Ketiga, sebagai implikasi dari penerapan omnibus law, disebutkan, perusahaan-perusahaan yang berinvestasi dalam kawasan ini akan terbebas dari kewajiban mengurus Izin amdal/UKL-UPL serta izin mendirikan bangunan (IMB).
Pertanyaan kemudian, bagaimana mungkin sebuah pembangunan dalam skala besar, apalagi dalam kawasan hutan bebas dari syarat-syarat lingkungan?
Kawasan penting
Penolakan kuat dari publik terhadap rencana pembangunan pariwisata di hutan Bowosie, tidak dapat begitu saja dilabeli suara dari kaum penolak pembangunan. Kritik mereka ini berdasarkan sebuah alasan sangat fundamental yaitu soal betapa penting kelestarian hutan Bowosie sebagai peyangga ekologi Kota Labuan Bajo dan sekitar. Selain itu, bersama gerakan perlawanan lain yang menyeruak di banyak tempat di Flores, protes publik terhadap pembangunan ini juga bagian dari upaya mempertahankan keberlanjutan ekologi Kepulauan Flores. Pulau ini dalam satu dekade terakhir berada di bawah ancaman investasi ekstraktif, energi dan pariwisata.
Bagi publik, mempertahankan kelestarian ekosistem alami hutan Bowosie sangat penting atas dasar tiga alasan. Pertama, sebagai kawasan hutan yang didominasi ekosistem karst, keberadaan hutan Bowosie sangat penting sebagai sumber air bagi Kota Labuan Bajo serta kampung-kampung sekitar.
Hutan Bowosie tercatat sebagai sumber mata air bagi kurang lebih 11 mata air di Kota Labuan Bajo, yaitu mata air Wae Nahi, Sernaru, Ujung Sawah Sernaru, Kampung Lancang, Wae Kesambi, Pasar Baru, Wae Kelambu, Wae Mata, dan Wae Mata Belakang Seminari. Juga mata air Ujung Bandara/Binongko, Seminari Kententang, Ketentang.
Selain itu, bersama hutan lindung Mbeliling, hutan Bowosie juga jadi sumber mata air bagi Kali Wae Mese yang mengairi persawahan di Nggorang, Merombok, Satar Walang dan Tompong. Persawahan ini satu sentra pangan di Manggarai Barat. Apabila kawasan ini tereksploitasi, berpotensi sangat merusak ekosistem karst sebagai penampung dan penyalur air yang bermanfaat bagi wilayah sekitar.
Kedua, posisi terletak di atas pemukiman (Labuan Bajo dan sekitarnya), kelestarian ekosistem hutan Bowosie jadi sangat penting sebagai pelindung pemukiman dari potensi bencana banjir. Bencana banjir bandang yang baru terjadi di NTT, menunjukkan, sebagian daerah yang menjadi episentrum bencana, tata kelola lingkungan terbukti buruk. Di Sumba, misal, banjir di daerah tertentu terpicu perusakan kawasan hutan sekitar dari aktivitas-aktivitas perusahaan.
Untuk konteks Labuan Bajo, pengalaman banjir pada 2019 memberi pelajaran tersendiri bagi publik.
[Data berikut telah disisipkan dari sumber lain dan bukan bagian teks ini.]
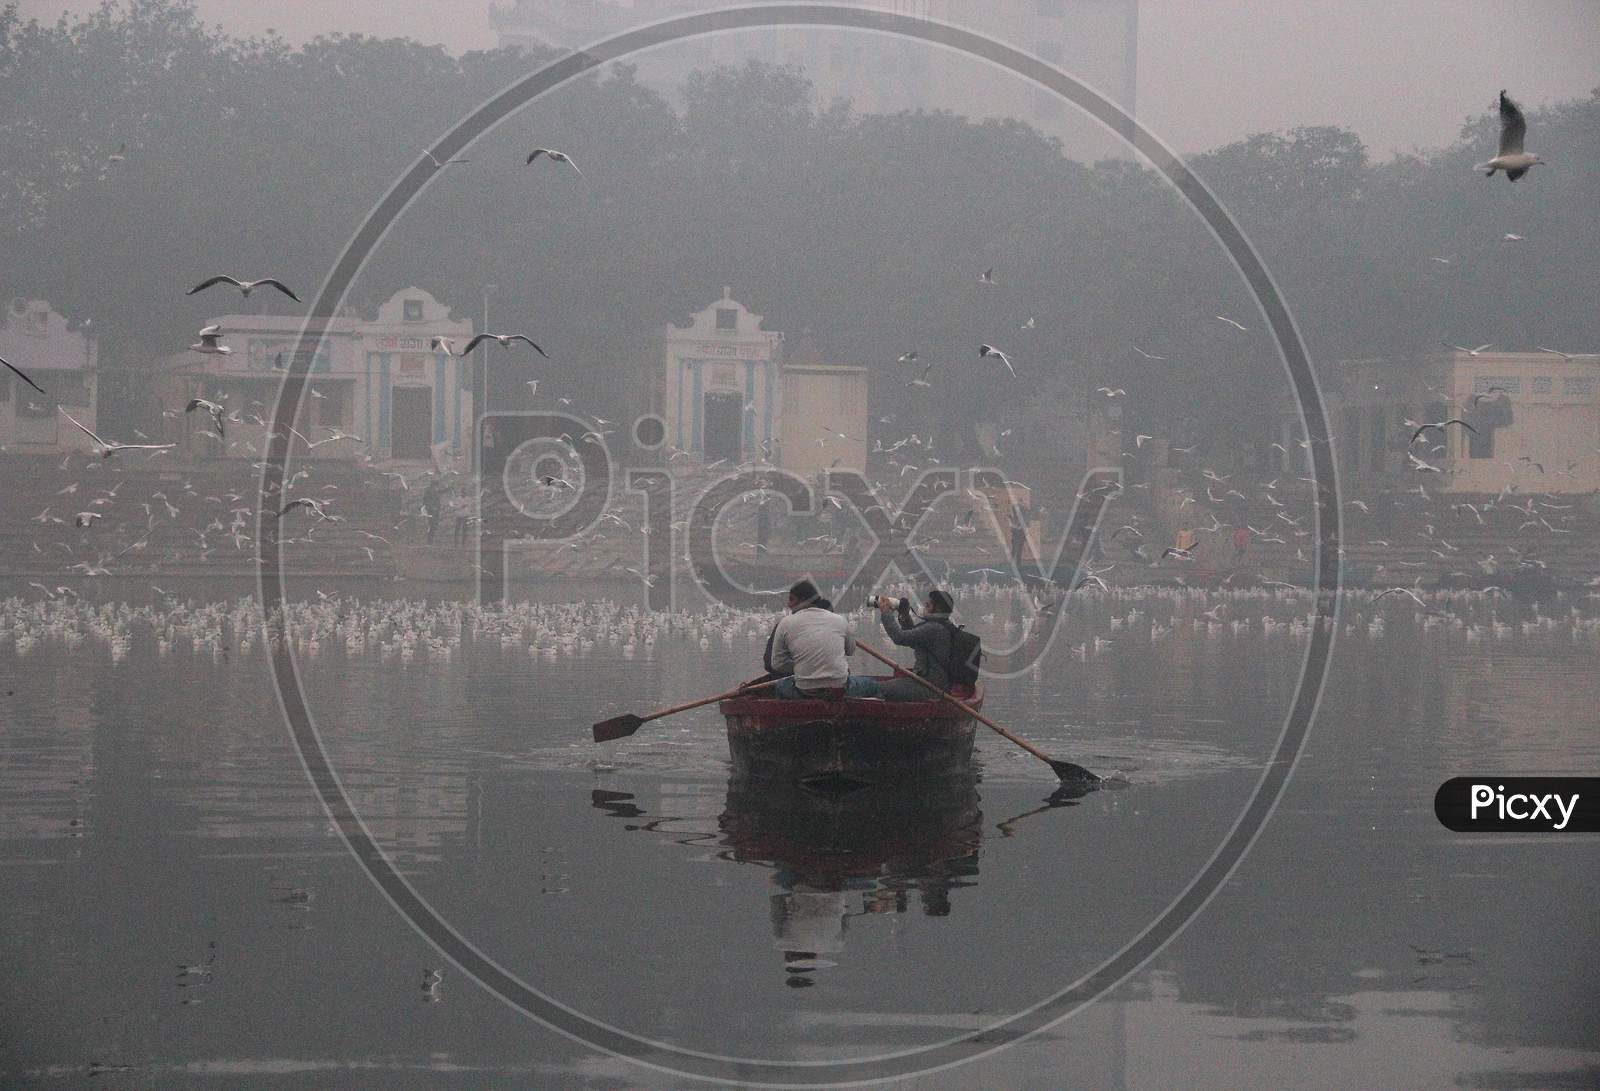 A man clicks photographs while riding a boat as a flock of birds fly over the Yamuna river on a smoggy morning in New Delhi, November 9, 2020.

Kala itu, beberapa wilayah di sekitar Kota Labuan Bajo, terutama di Desa Gorontalo, terendam banjir. Pembabatan hutan Bowosie akan makin mempersempit wilayah resapan hujan.
Sekarang ini, pembangunan infrastruktur pariwisata seperti hotel dan resort makin mempersempit area resapan hujan di sekitar hutan lindung Mbeliling.
Ketiga, hutan Bowosie juga tercatat sebagai habitat alami dari sejumlah burung endemik Flores. Didominasi hutan lembab, hutan Bowosie merupakan habitat bagi kehicap Flores (Monarcha sacerdotum), gagak Flores (Corfus florensis) dan serindit Flores (Loriculus flosculus).
Atas dasar itu, demi keberlanjutan ekologi Pulau Flores, BPO-LBF harus mengevaluasi rencana pembangunan bisnis wisata di hutan Bowosie, dengan melibatkan sebanyak mungkin elemen. Ini salah satu cara agar pembangunan pariwisata berkelanjutan seperti cita-cita tertinggi dari BPO-LBF dapat terealisasi di bumi Flores.
***
Tulisan ini pernah dipublikasikan di Mongabay.co.id. Kembali dimuat di sini untuk tujuan pendidikan.